According to:
http://download.microsoft.com/download/f/2/d/f2d5ee2c-b7ba-4cd0-9686-b6508b5479a1/Direct3D10_web.pdf
each primitive can output 1024 32b values (e.g. 256 Vec4 FP32s), which is 4KB - the diagram doesn't agree with the text
indicating only 128 32b values (32x4x32b) for some reason
There's no reason to expect that ATI hardware would be working with such large batches as 64 pipes x 8 primitives = 512 primitives in a batch.
The batch size for vertices/primitives/fragments will prolly all come out the same. I'm gonna guess that it'll be 64 objects per batch: 16-wide and four clocks long (R580 is 12 wide and four clocks long, Xenos is 16 wide and 4 clocks long).
So a single GS batch could write as much as 64 input primitives x 4KB = 256KB. That's even more memory than Bob indicated. I'd guess that's about
100x more memory than a DX9 GPU's post vertex transform cache
(which normally only deals with 10s of vertices and their attribute data at a time, maximum).
Even as a minimum, with a unified design shading 64 vertices in a batch, the post-VS cache would prolly be 2x as big as in a DX9 GPU (32 vertices, say). And that doesn't provide any lee-way for load-balancing twixt stages, which a unified architecture needs.
While the GS is producing vertices and their attributes, putting them into the post-GS cache, the following stages (Clip+Project+...) are consuming the vertices - "pixel shading consumes the vertex data". The relative rates at which vertices are put into, and taken out of PGSC are obviously unpredictable (taken out: how many triangles are culled?; how many fragments are produced by each triangle?; how long are the pixel shaders?, etc.).

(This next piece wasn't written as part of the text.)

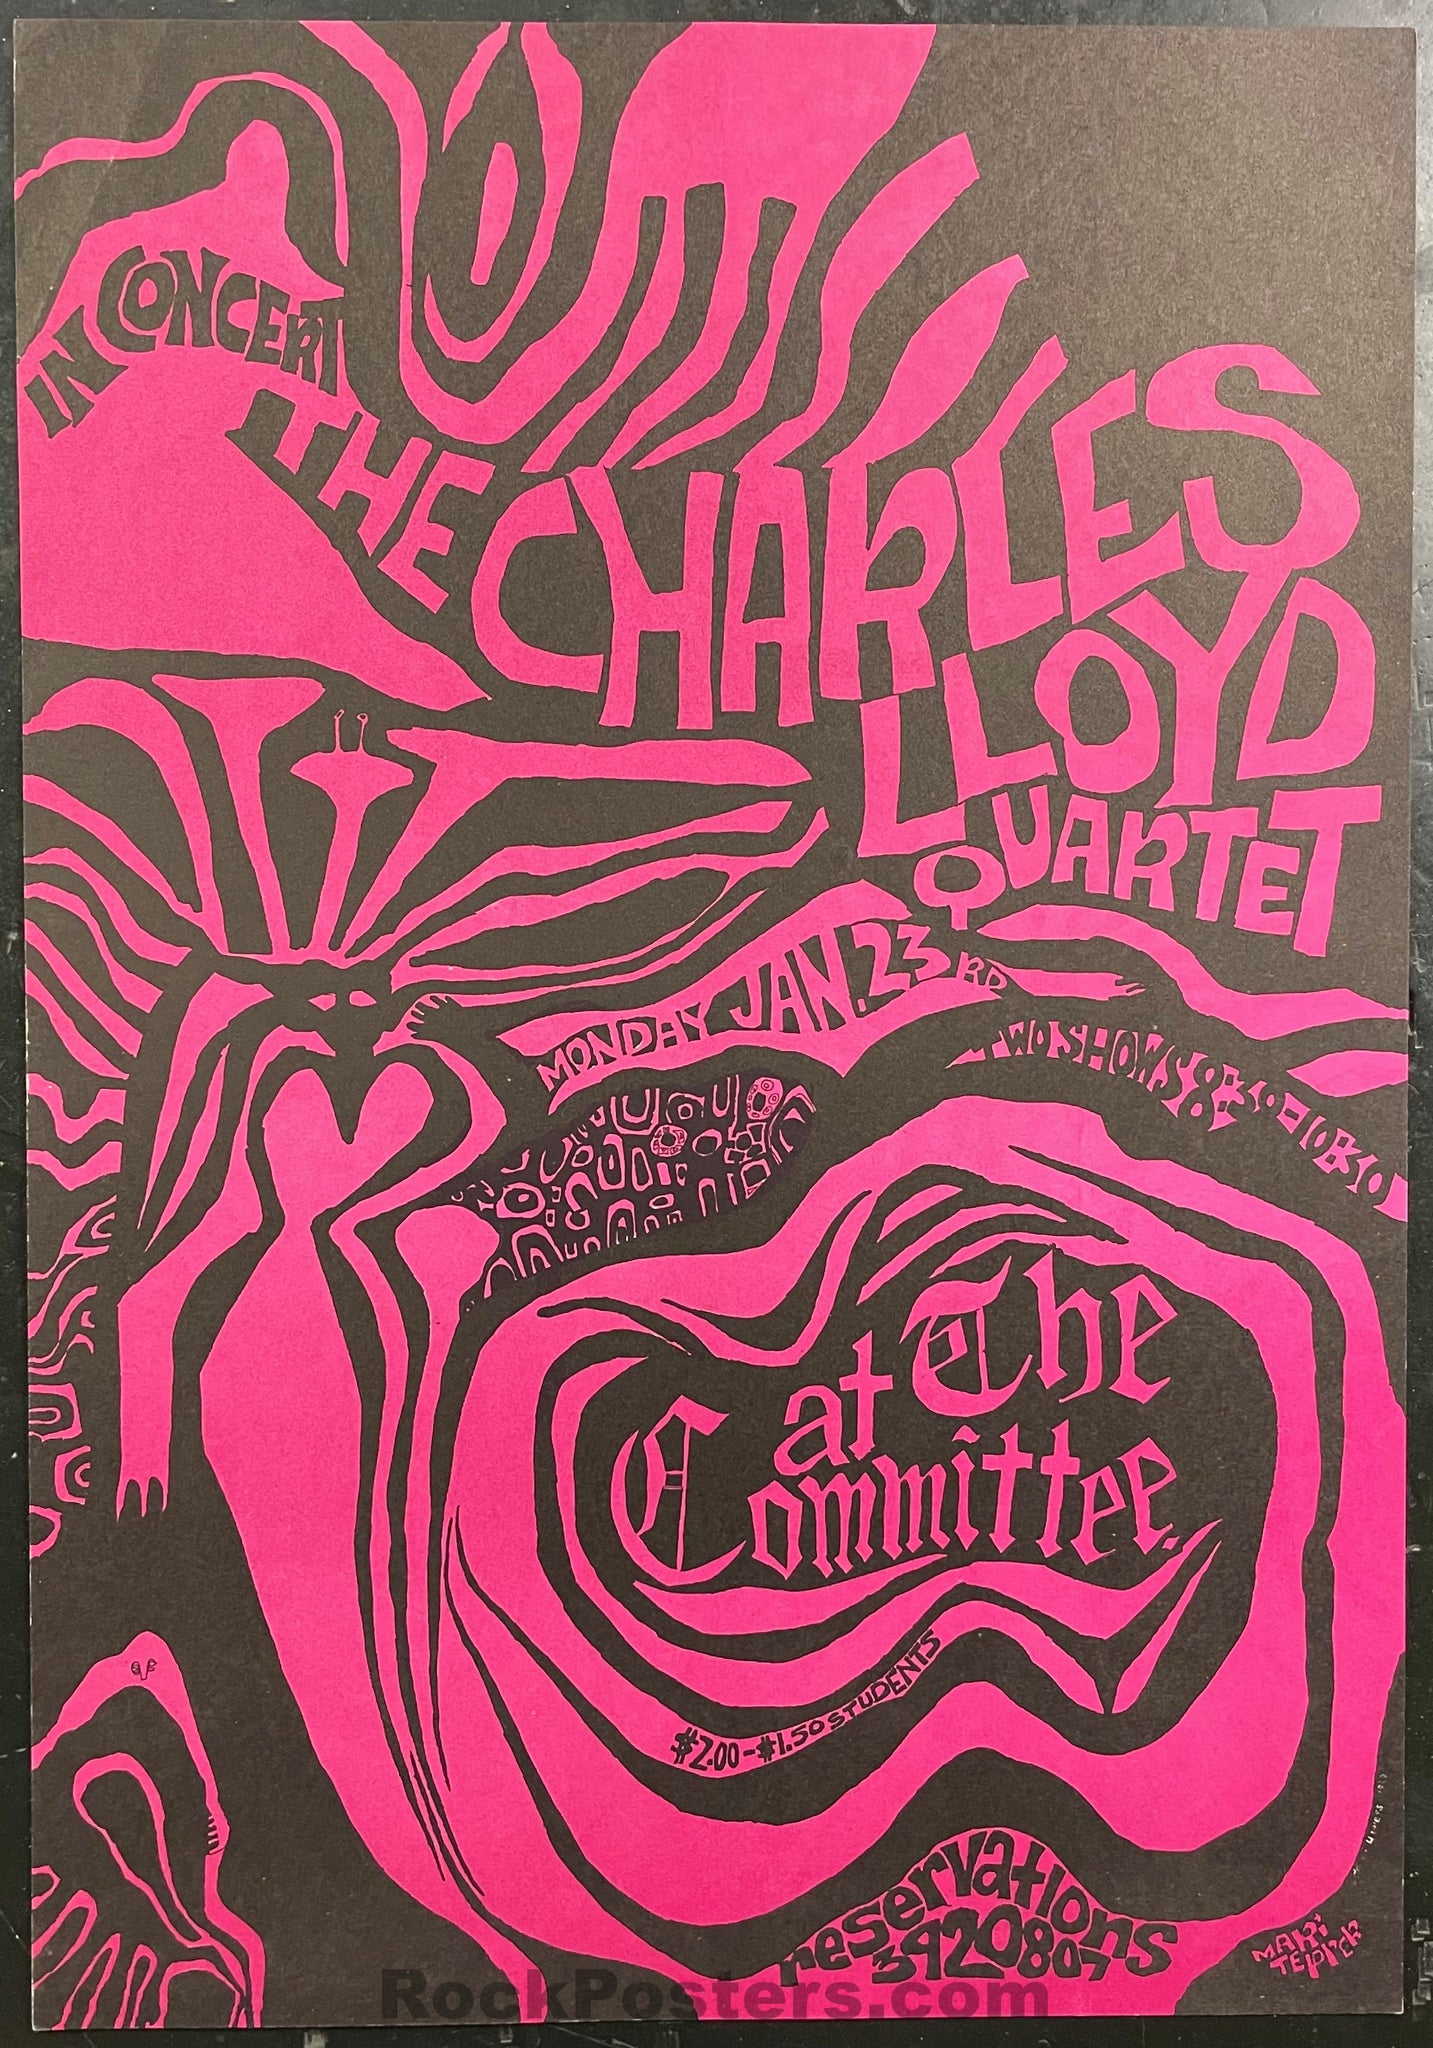 AUCTION - Charles Lloyd - Mari Tepper - 1967 Poster - Committee Theater - Excellent

Since a unified architecture is predicated upon using inter-stage queues to smooth out the scheduling of batches, perhaps it's worth arguing that the cost of a large PGSC isn't so troublesome - unified architectures seem to use lots of memory as a trade for enhanced per-ALU utilisation (the register file seems to be over-sized, too). Memory is cheap (and easy to make redundant for good yield). Though as memory increases, it gets slower and harder to access.

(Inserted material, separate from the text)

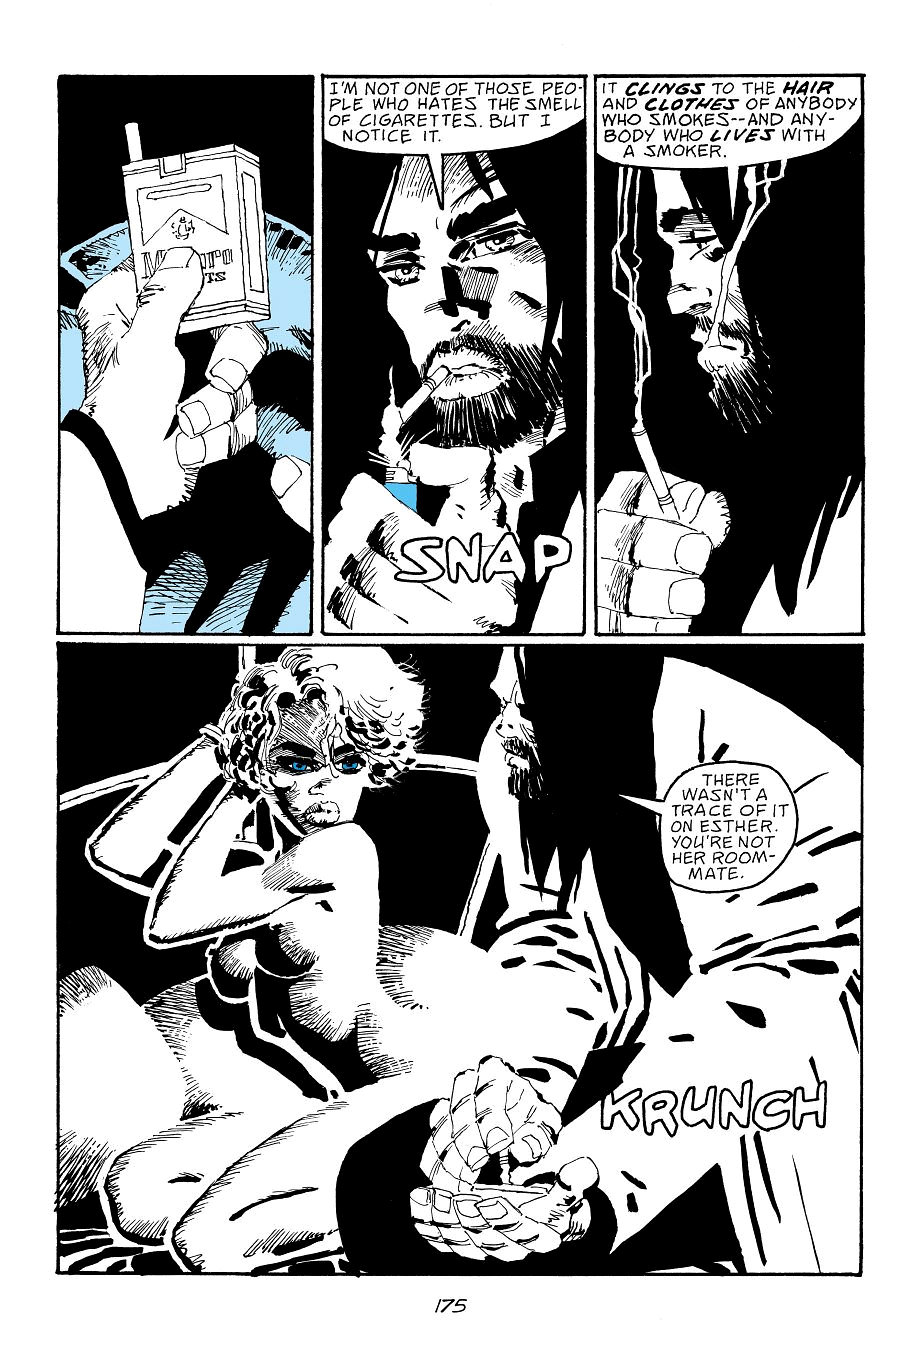 page 175 of sin city 7 hell and back

You could deliberately size the PGSC so that it can only absorb, say, 128 32b values (instead of 1024) per primitive. The command processor would then issue "smaller" batches than normal if the PGSC can't hold all the data produced by the GS program (e.g. when it wants to output the full 1024 32b values). I dare say the command processor doesn't know in advance how much data that's going to be, so it might be forced to simply junk the GS-output of some pipes and re-submit those primitives in a following batch. So the overall throughput of primitives is cut (as though some pipes are running empty) as the amount of per-primitive data produced by the GS increases.
I suppose you have to ask what's going to be the typical data amplification produced by GS and how will ATI and NVidia choose to support data amplification.
It seems to me that future D3D10 GPUs can scale performance (concurrent primitives being shaded) by increasing the size of the post-GS cache, as well as increasing the total number of pipes for GS. Is GS-vertex-amplification an "architectural by-way" that'll be circumvented by D3D11? I doubt it, what's the alternative to data-amplification within GS?
I get the strong feeling that 1024 32b values per primitive has been cut down from a much larger number. Whether that's because, with batching, the PGSC just gets silly huge or because one IHV thinks that's already way too big compared to a DX9 GPU's PVTC, who knows?
Jawed